The Great Resignation can have a significant impact on top-tier consulting firms such as McKinsey, as they rely heavily on the engagement and productivity of their consultants. A disengaged workforce can lead to decreased job satisfaction and productivity among consultants, which in turn can negatively impact the quality of work produced by the firm and its ability to attract and retain clients. High turnover rates among consultants can also be costly for the firm, as it can take time and resources to find and train replacement employees. Informal numbers put the cost of hiring and training a new consultant at around USD 100,000 for firms such as McKinsey, BCG, and Bain.
Hence, it comes as no surprise that these firms would have a tough time with decreased employee satisfaction.
Additionally, the Great Resignation can also affect the ability of top-tier consulting firms to attract top talent. If a firm is known for having a high-stress and disengaging work environment, it may struggle to attract top-performing consultants who are looking for a more positive and fulfilling work experience. This can negatively impact the firm’s competitive advantage, as it may struggle to offer the same level of expertise and service as other firms that are able to attract and retain top talent.
How are firms like McKinsey, BCG, and Bain reacting to the Great Resignation?
However, top-tier consulting firms are taking steps to mitigate the effects of the Great Resignation. This includes offering more flexible schedules, providing opportunities for professional development, fostering a culture of open communication and collaboration, and creating a more positive and engaging work environment.
Additionally, consulting firms can provide their employees with work-life balance and provide them with mental health support, making the work environment more conducive and employees more productive, motivated, and less likely to disengage. By taking these steps, the top consulting firms work to attract and retain top talent and maintain a high level of productivity and engagement among their employees, even with this mindset shift in the current post-pandemic workforce.

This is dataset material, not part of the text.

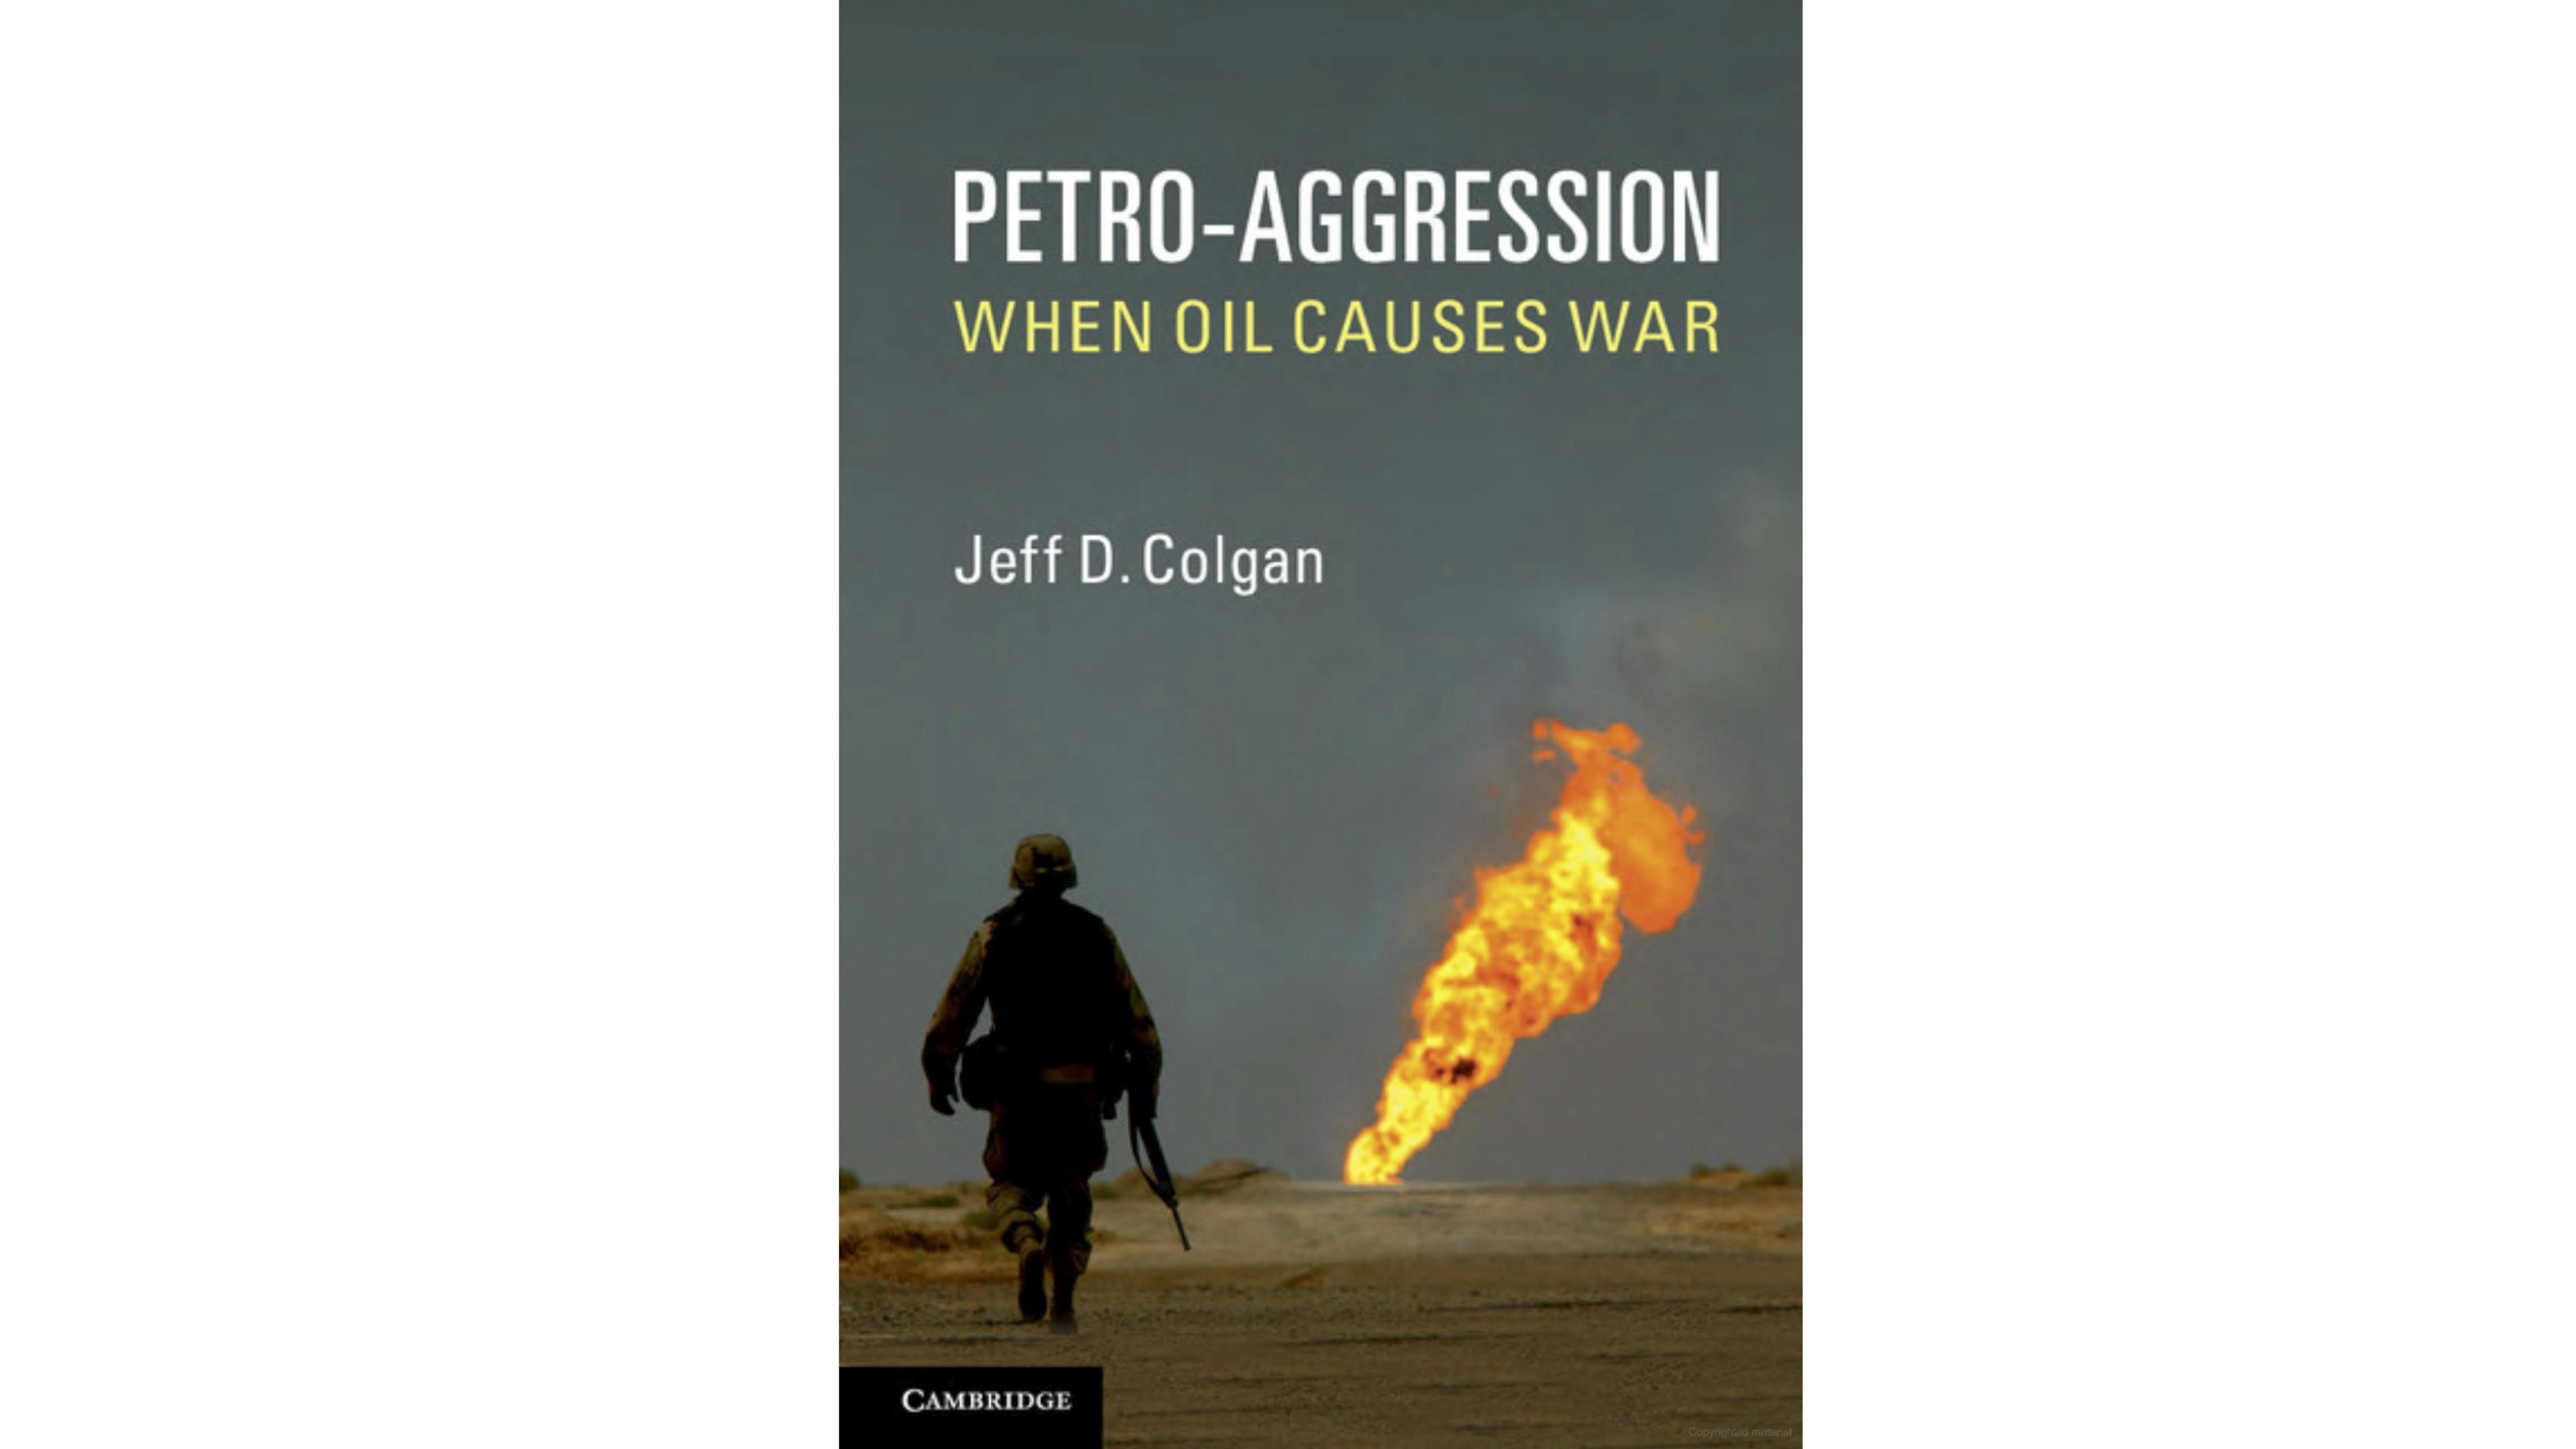 Petro-Aggression: When Oil Causes War by Jeff Colgan

Asked about their measures to combat this trend, the responses of the top firms align. They are all taking steps to address the Great Resignation and maintain engagement and productivity among their employees. Some of the measures it has taken include:
- Flexible working: For instance, McKinsey has been an early adopter of flexible working policies, which allows its employees to have more control over their work-life balance. This can help to reduce stress and burnout among employees and make the work environment more positive and engaging.
- Employee Wellbeing: BCG has implemented various programs and initiatives to support the physical, mental and emotional well-being of its employees. This includes providing access to mental health resources and support and promoting a culture of self-care and resilience.
- Professional Development: McKinsey has a strong focus on professional development and provides its employees with opportunities to learn new skills and advance their careers. This can help to keep employees engaged and motivated, and can also make the firm more attractive to top talent.
- Collaboration and Communication: Bain promotes a culture of open communication and collaboration, which can help to foster a sense of community and belonging among employees.
- Diversity, Equity, and Inclusion: All firms have been actively promoting and addressing the issues of diversity, equity, and inclusion. This can help to create a more inclusive and positive work environment, which can help to improve employee engagement and productivity.